Work item: From the line that holds "Revalfarma Srl Alenil Q® 30 pz Compresse" down to the last line of the listing below, transcribe exactly and only those lines. Leave pictures out.

Dataset extract:
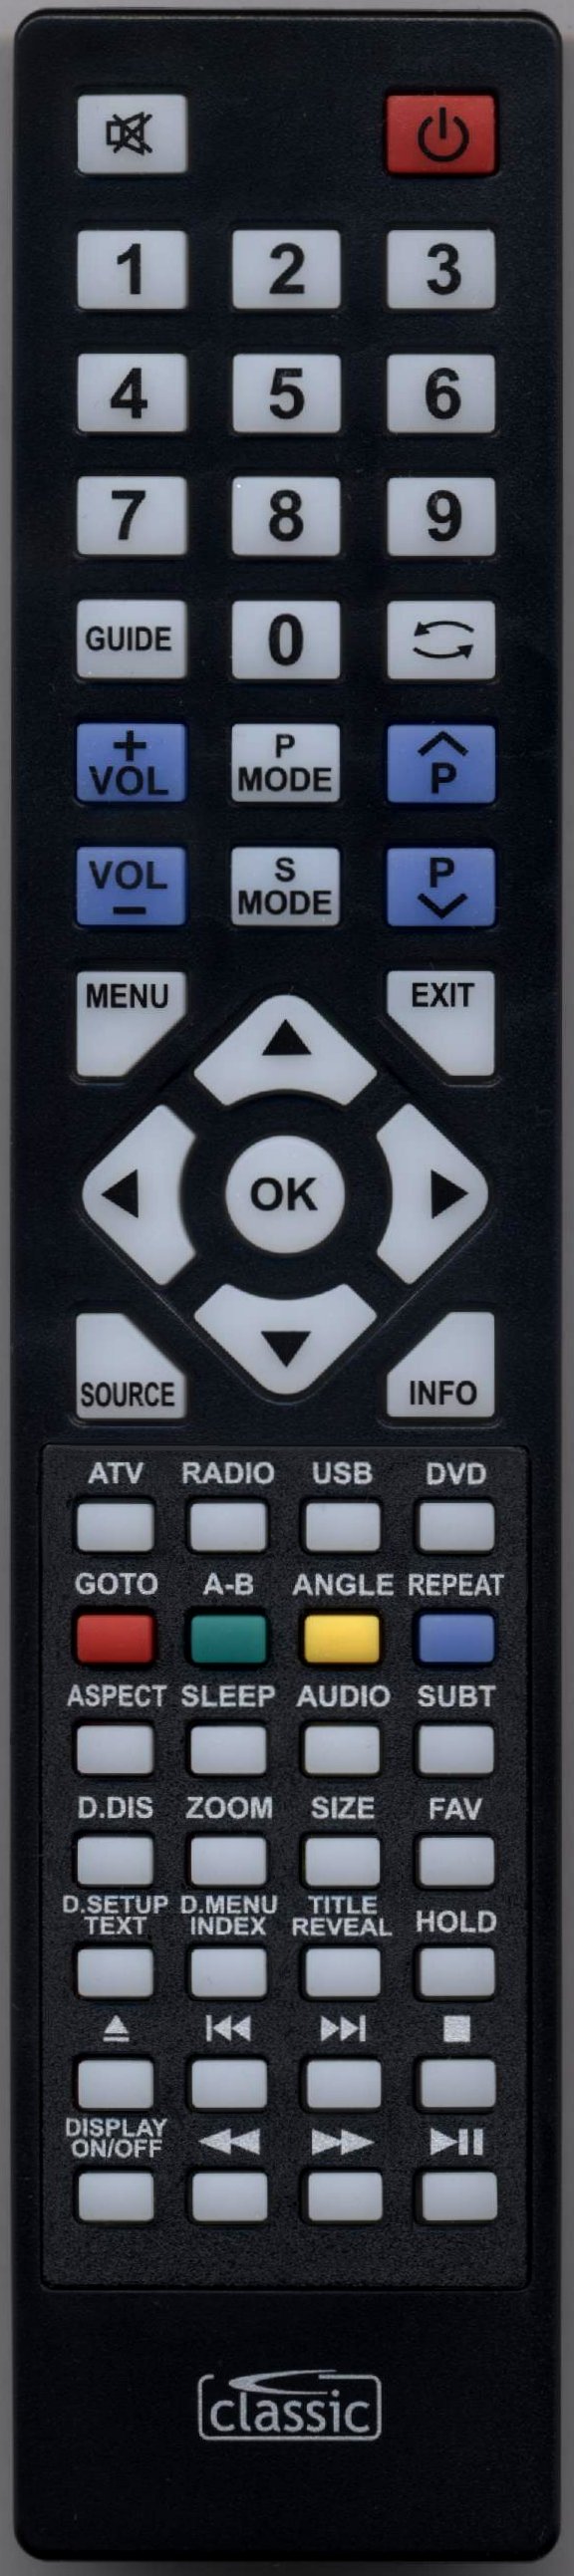 UMC X32/56G-GB-TCU-UK Remote Control Alternative
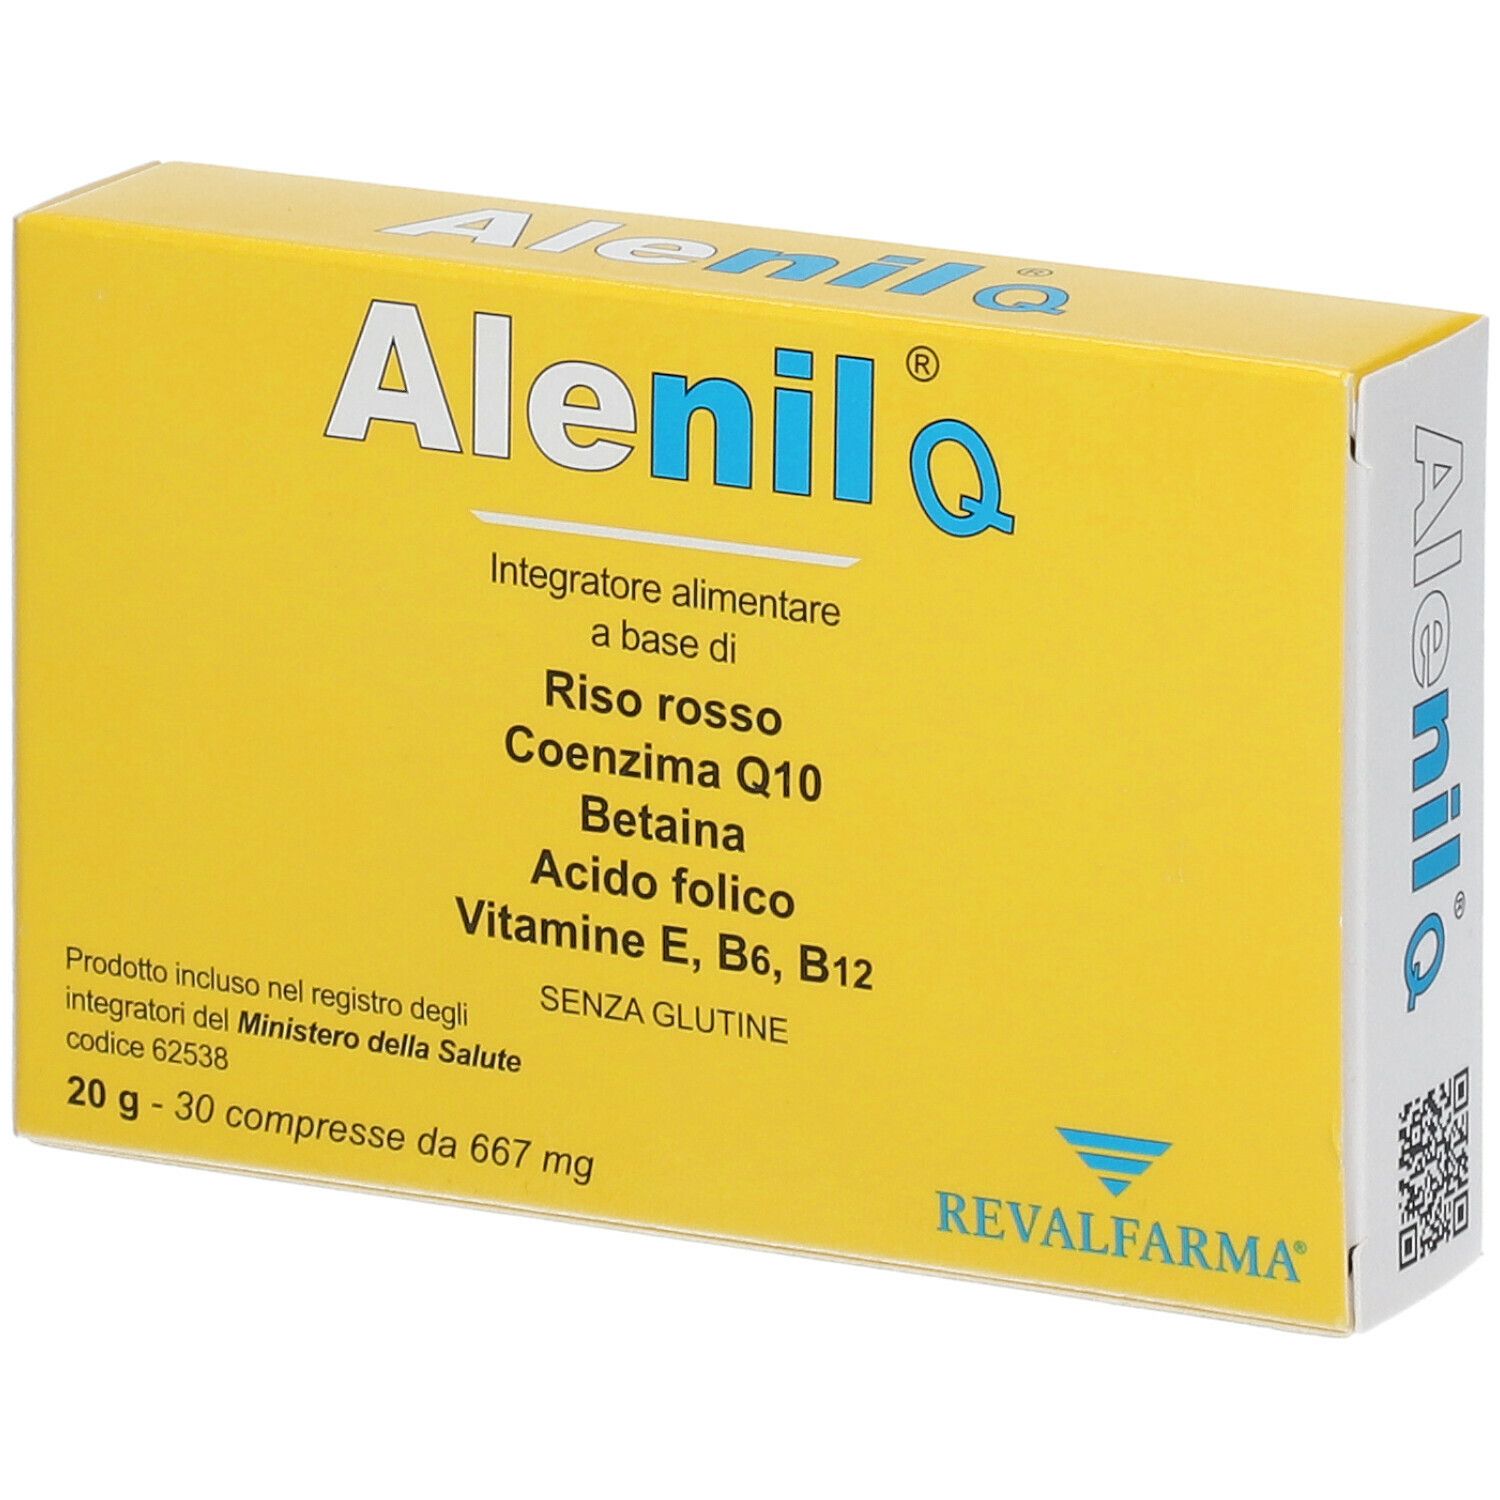 Revalfarma Srl Alenil Q® 30 pz Compresse
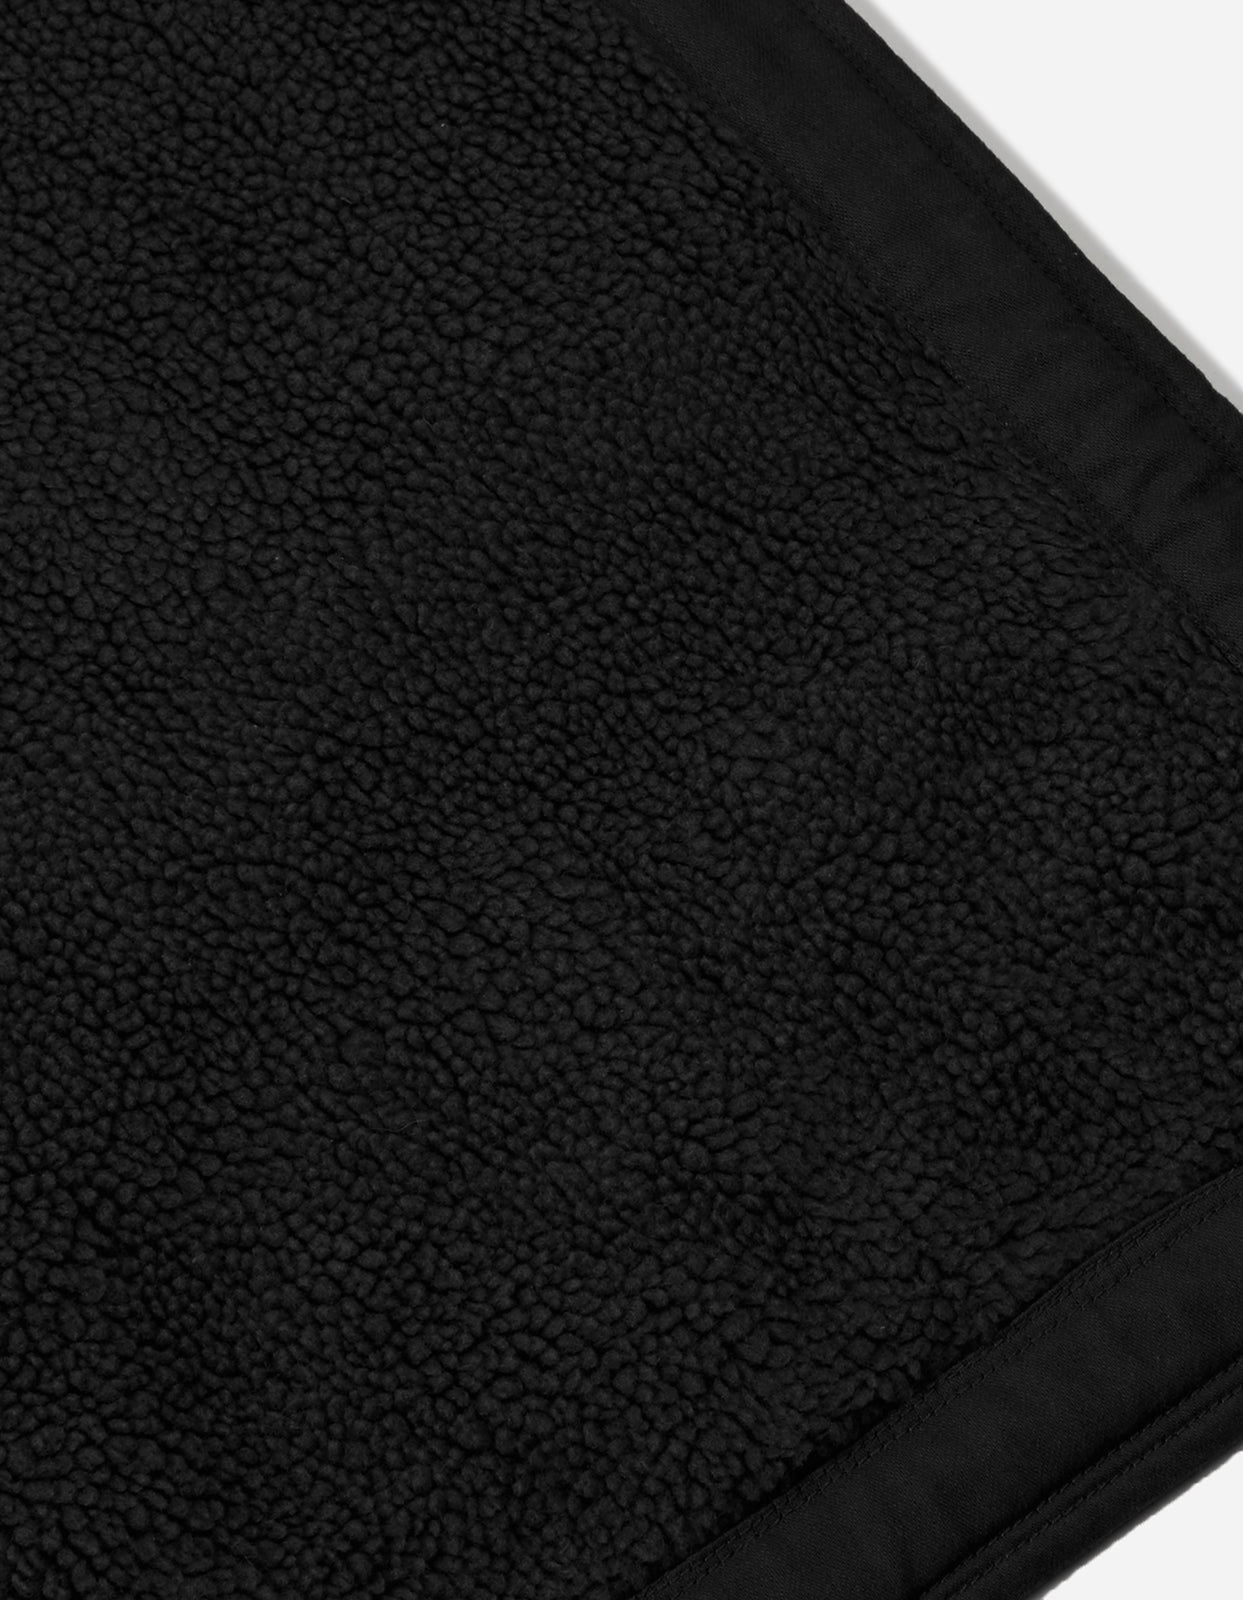 7029 Triquilted Blanket Coat 182 · Military Surplus Black

Task solution:
 Revalfarma Srl Alenil Q® 30 pz Compresse
 7029 Triquilted Blanket Coat 182 · Military Surplus Black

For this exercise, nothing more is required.